Getting Started

For an easy start with the Python Interface, install divERGe from pip via

pip install diverge-flow

You find a tutorial for the C interface here. You can further download divERGe.tar.gz to obtain a pre-compiled copy of divERGe that additionally contains the C Interface and some Examples. For more pre-built versions, see releases. If you wish to compile yourself to include various optimizations (MPI, CUDA, …), you can do so by cloning the git repository and following the build instructions. Moreover, environment variables can be used to change the number of threads for different components, see Runtime Tuning.

Usage

The C Interface represents the centrum of divERGe. Python specific library features (e.g. the Autoflow function) are documented here. For reading the output files, see the documentation for diverge.output and also the Python doc obtained from within Python using help(object), i.e.,

import diverge.output as do
help(do.diverge_model)
help(do.diverge_post_tu)

In general, the naming for Python functions follows the C function naming, except for that the diverge_ prefix is omitted.
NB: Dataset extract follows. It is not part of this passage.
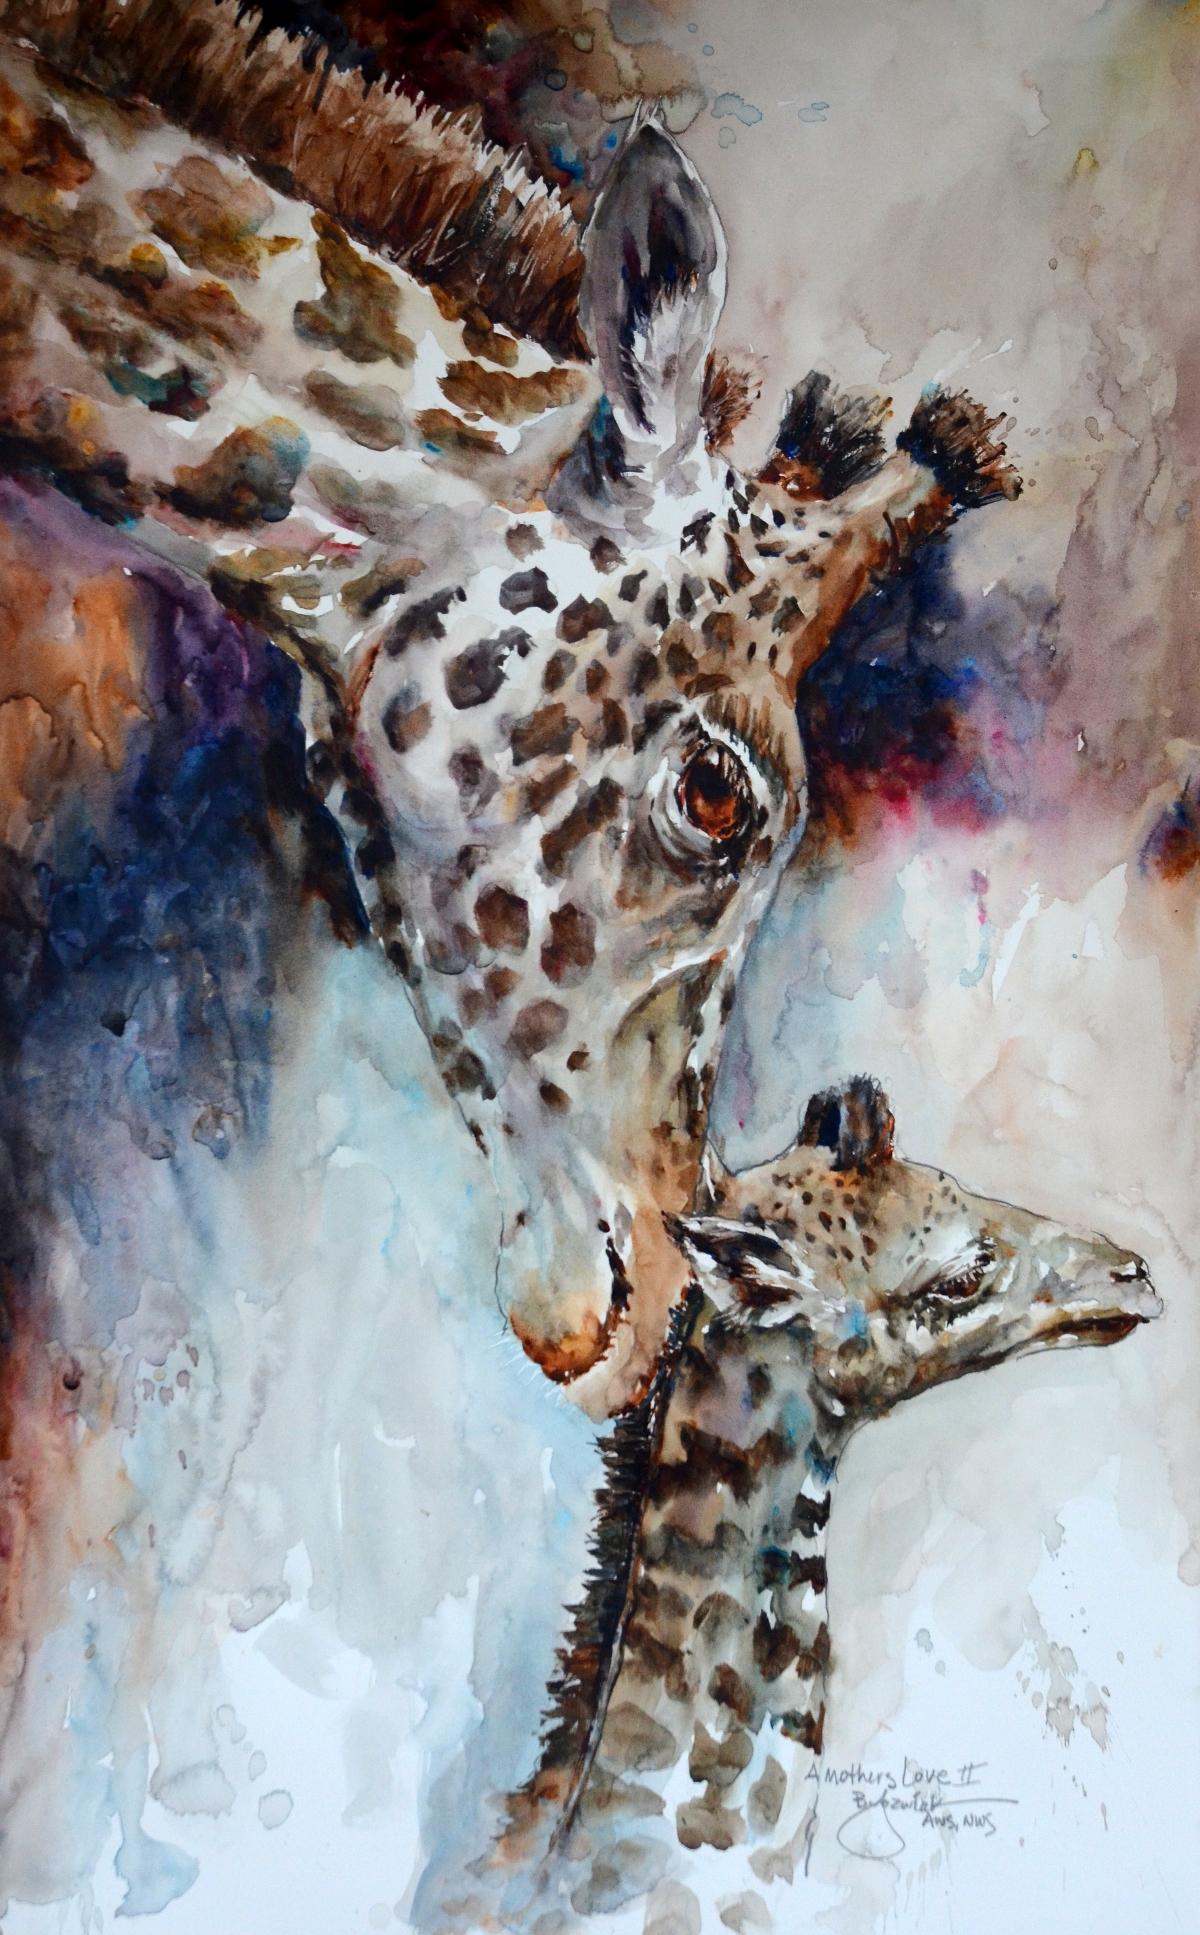 Bev Jozwiak – Cole Gallery ~ An Artist's Point of View

We now continue with the example: On a not-too-old Linux machine (GLIBC >= 2.17), extract the tar.gz file and use a python3 interpreter to execute the simple example.

mkdir divERGe
tar -C divERGe -xvf divERGe.tar.gz
cd divERGe

You should now see output as below:

output for simple example model

Troubleshooting

If the pip installation fails, you can navigate to the folder where you extracted diverge.tar.gz and execute

python3 setup.py install

Congratulations

You’ve just managed to do your first FRG simulation of a square lattice Hubbard model that displays \(d\)-wave superconductivity! Now let’s take a look at the output:

Besides the compilation status of the library (first line) and some logging information (prefixed with [divERGe:logname]), the on-line output contains information on chosen defaults and other miscellaneous information (prefixed with #): We observe that two files have been written: model.dvg (containing everything set in the Model) and post.dvg (see Postprocessing and Output). To read the .dvg files, we strongly suggest to use the function provided in the python library (see Simulation Output). Apart from the output files, the values for the scale and integration of the flow equations as table with entries Lambda, dLambda, Lp, Lm, dP, dC, dD, V are printed This output can be conveniently piped to a file to obtain a flow data file for further processing. Instead of

python3 examples/simple.py

you can call

python3 examples/simple.py > flow.dat

to obtain three files as output: model.dvg, post.dvg, and flow.dat (with the flow information). The columns in flow.dat correspond to:

Lambda:

the current scale

dLambda:

the step size

Lp:

the particle particle loop maximum

Lm:

the particle hole loop maximum

dP:

the differential (for grid and patch) or absolute (for tu) channel maximum in the particle particle channel

dC:

the differential (for grid and patch) or absolute (for tu) channel maximum in the crossed particle hole channel

dD:

the differential (for grid and patch) or absolute (for tu) channel maximum in the direct particle hole channel

V:

the absolute maximum element of the vertex (for grid/patch) or maximum of the channel maxima (tu)

License

divERGe is published under the GPLv3. The license is found in the git repo. License information from within divERGe can be obtained by calling diverge_license() or diverge_license_print().